ACTION ITEM -> Wherever a picture sits, omit it. Output the rest of the listing exactly.

DATA EXCERPT ->
________________

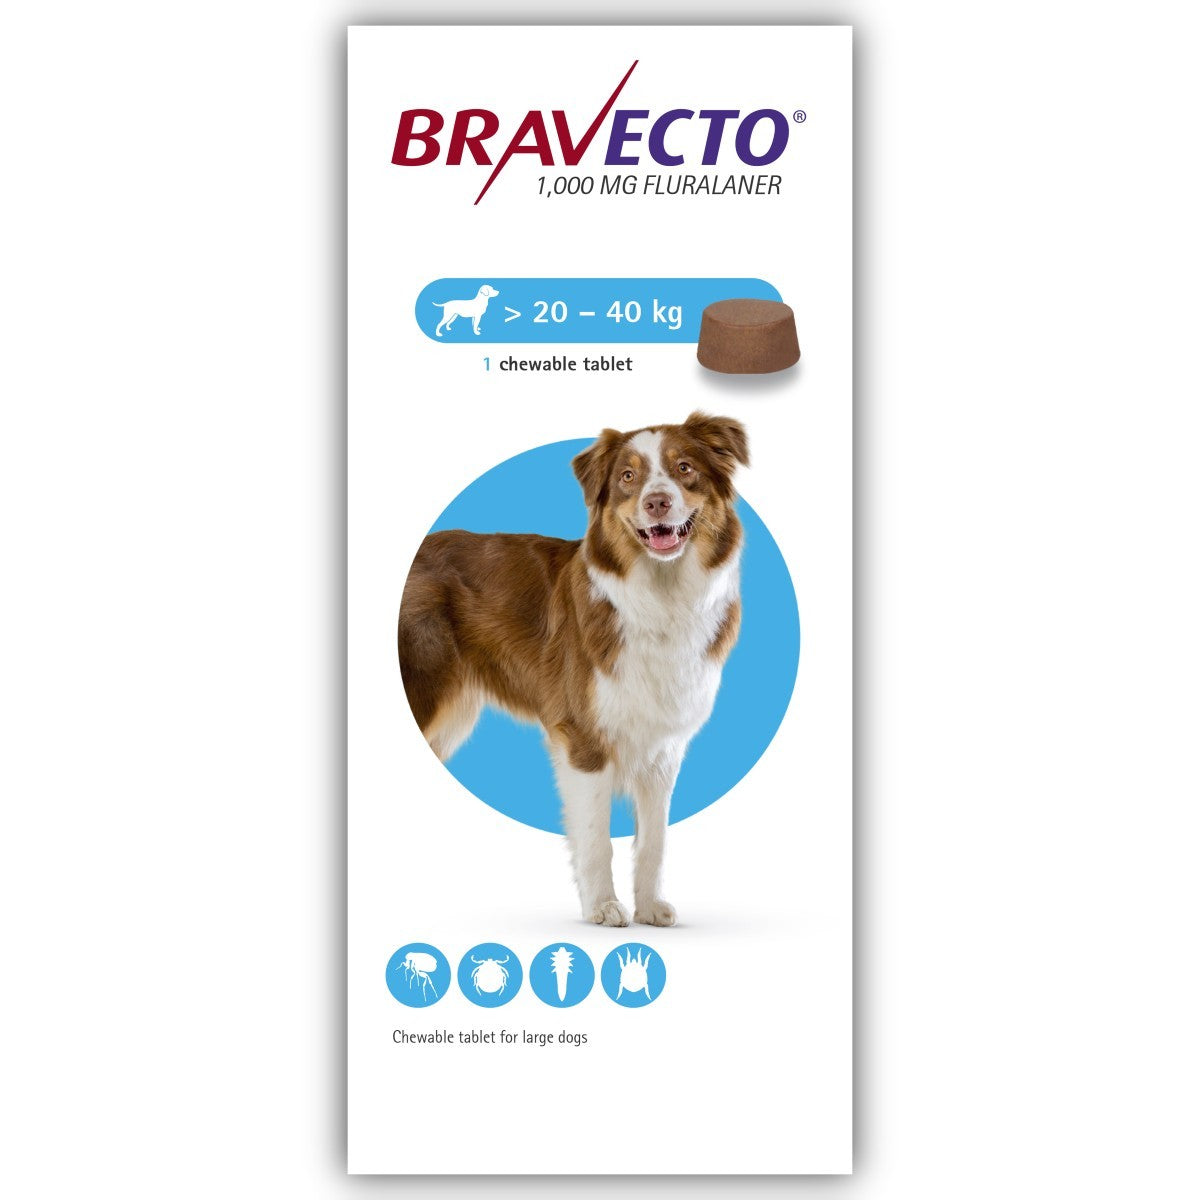 BRAVECTO 1000 mg CHEWABLE TABLETS LARGE DOGS 20-40 Kg
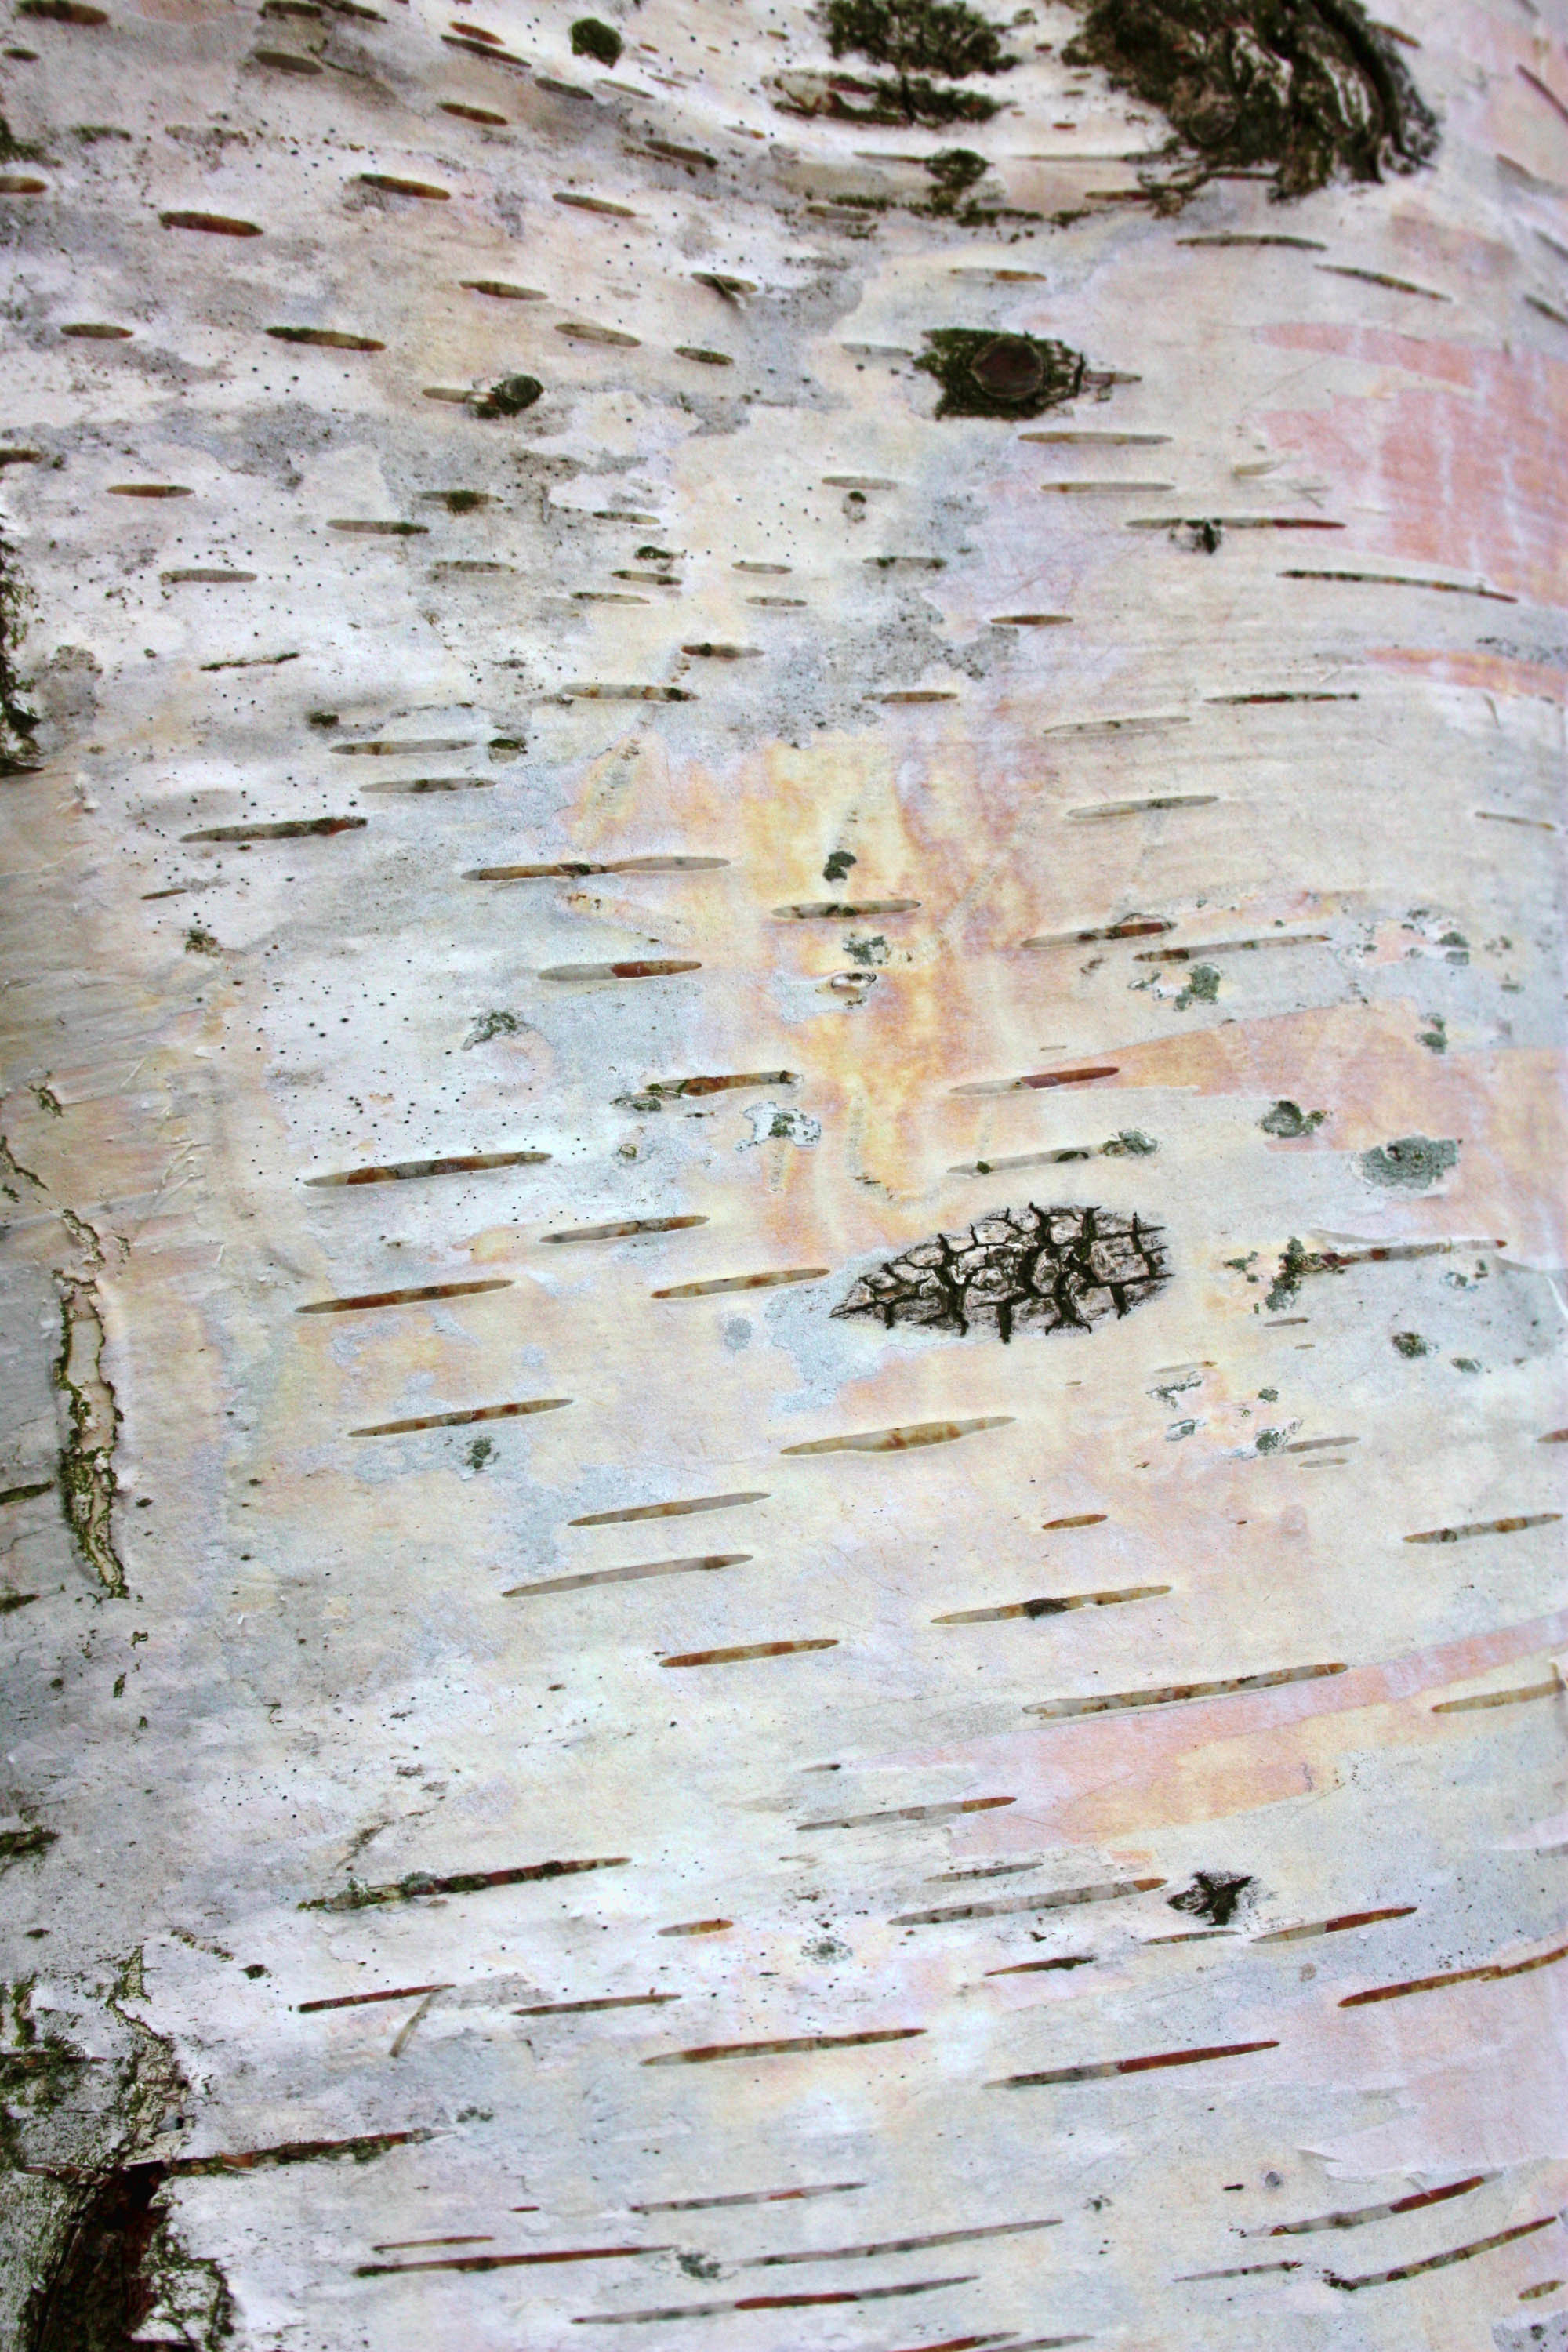 2000x3000 Silver birch bark texture photo | Free Textures from .
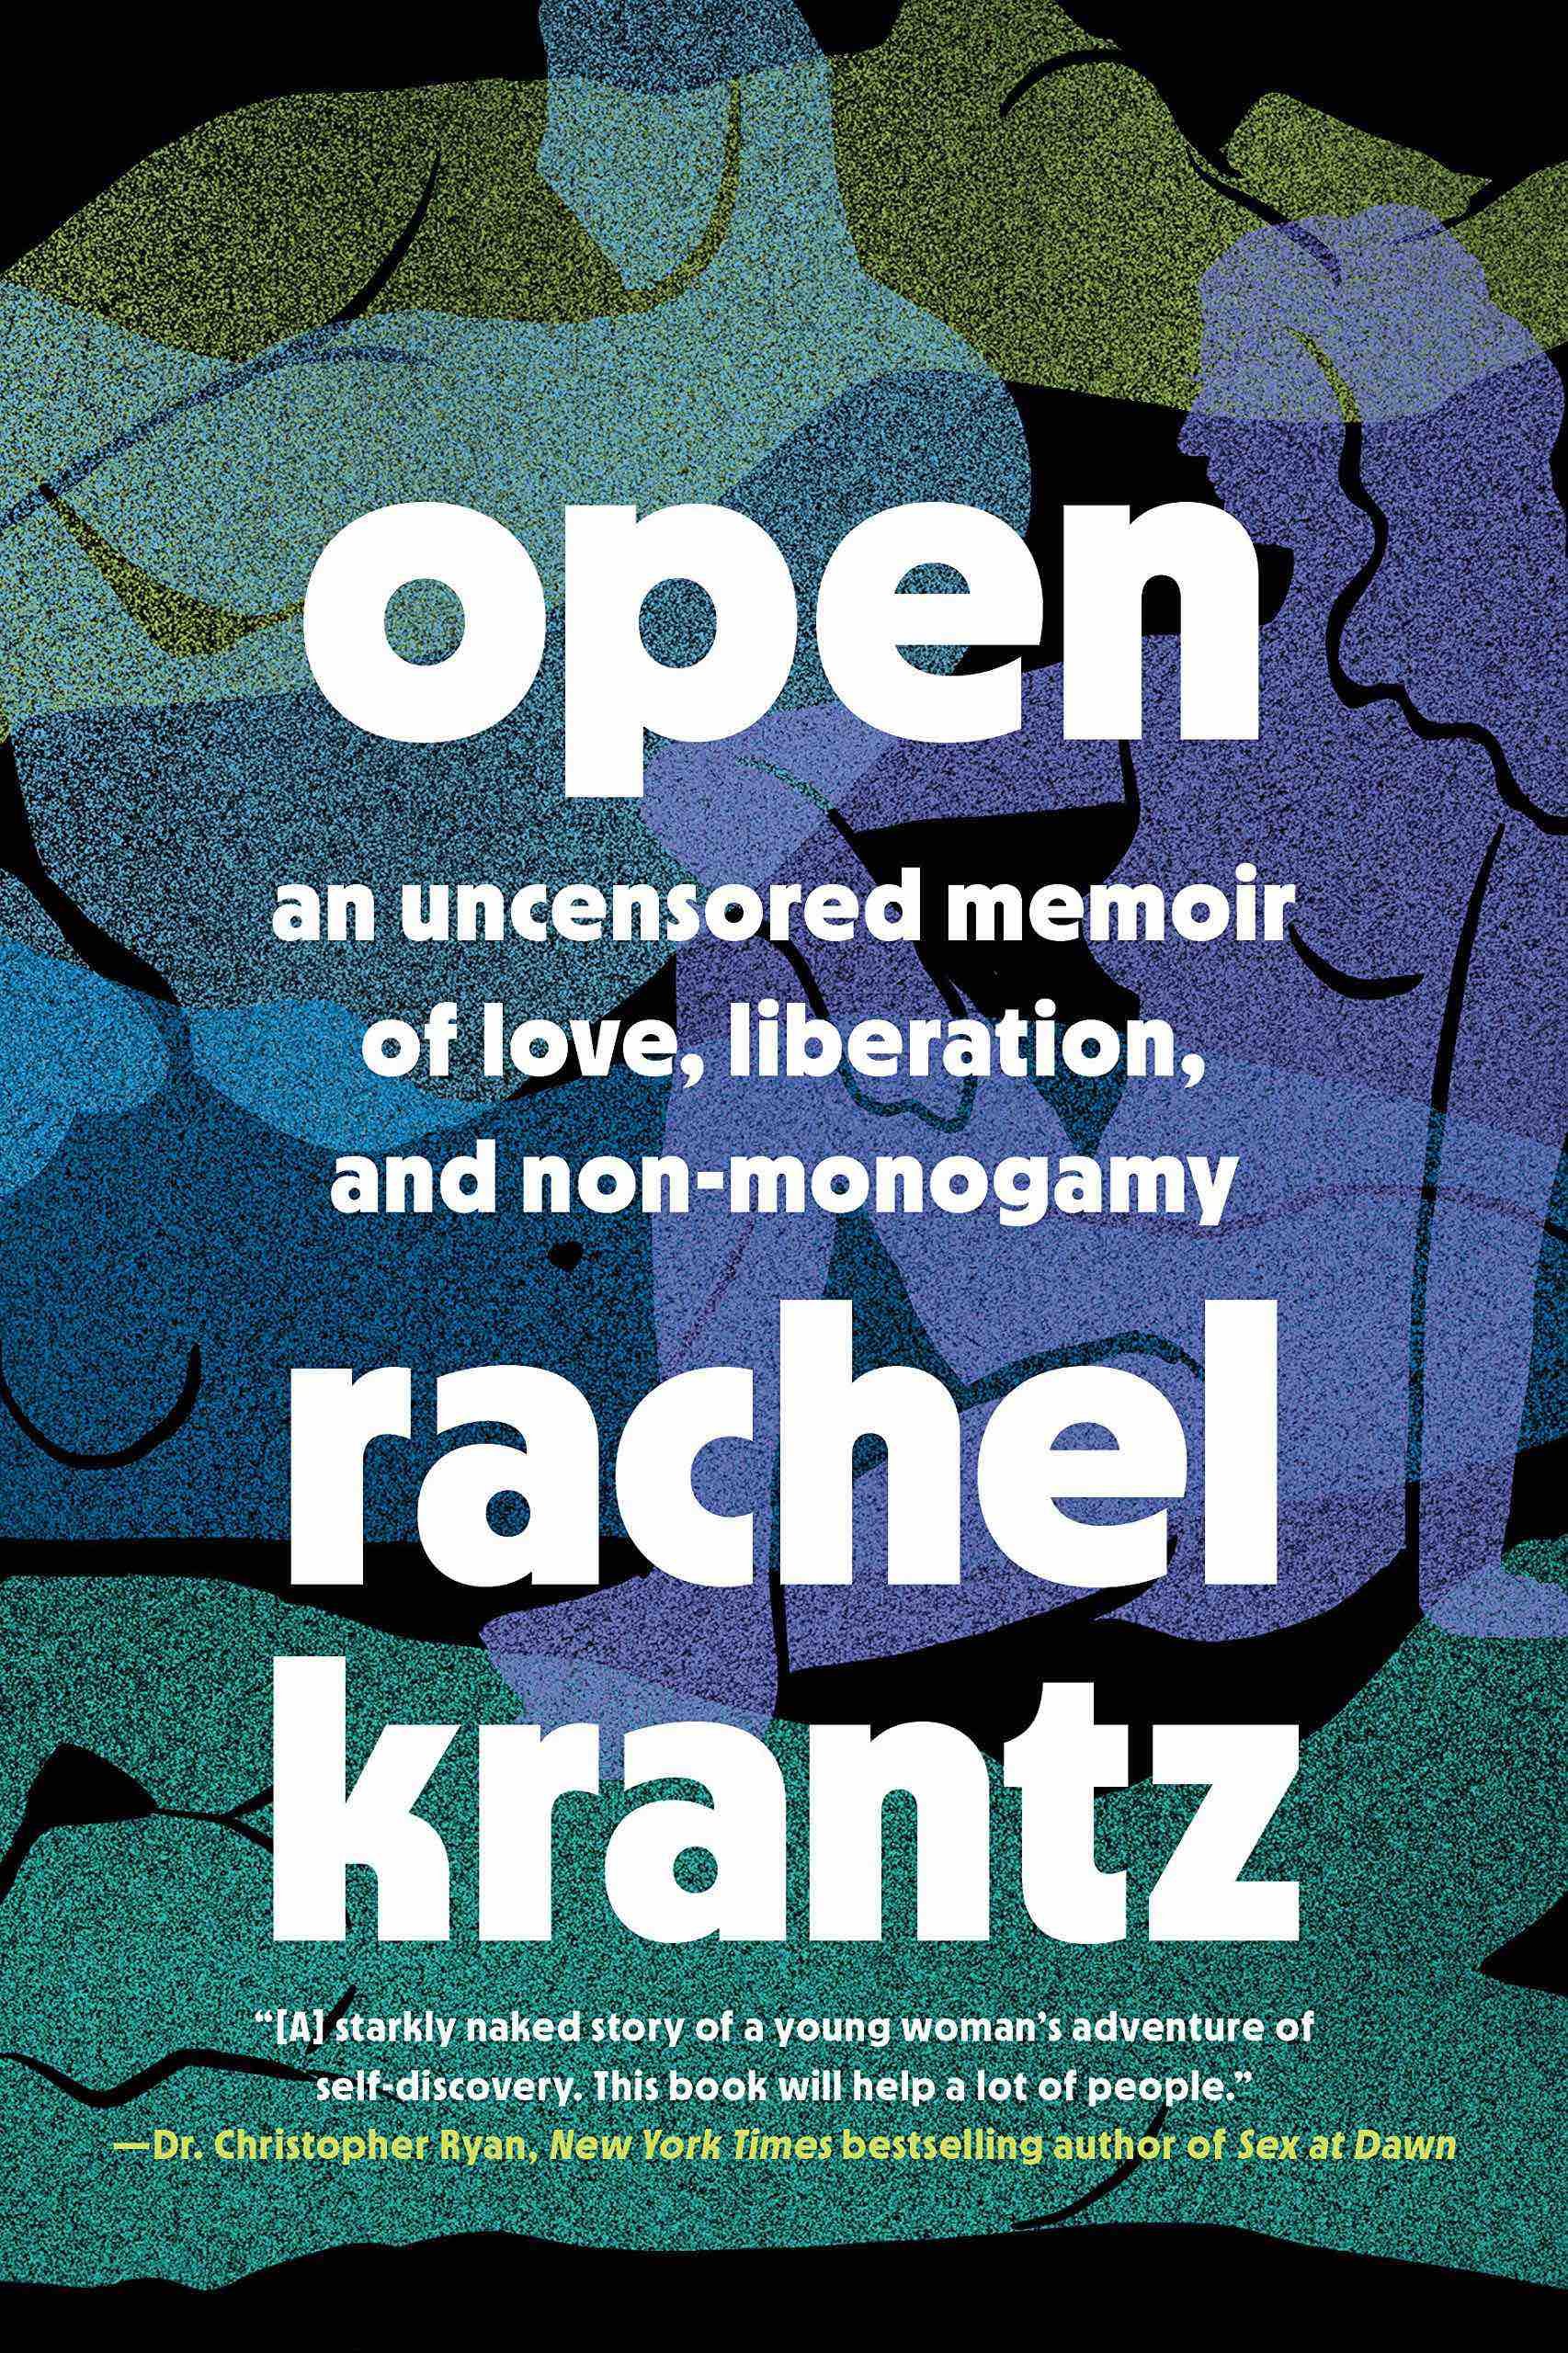 An unprecedented exploration of polyamory and gaslighting from an award-winning journalist chronicling her first open relationship as she explores this fast-growing movement

________________

ANSWER TO THIS PROBLEM ->
 BRAVECTO 1000 mg CHEWABLE TABLETS LARGE DOGS 20-40 Kg
 2000x3000 Silver birch bark texture photo | Free Textures from .
 An unprecedented exploration of polyamory and gaslighting from an award-winning journalist chronicling her first open relationship as she explores this fast-growing movement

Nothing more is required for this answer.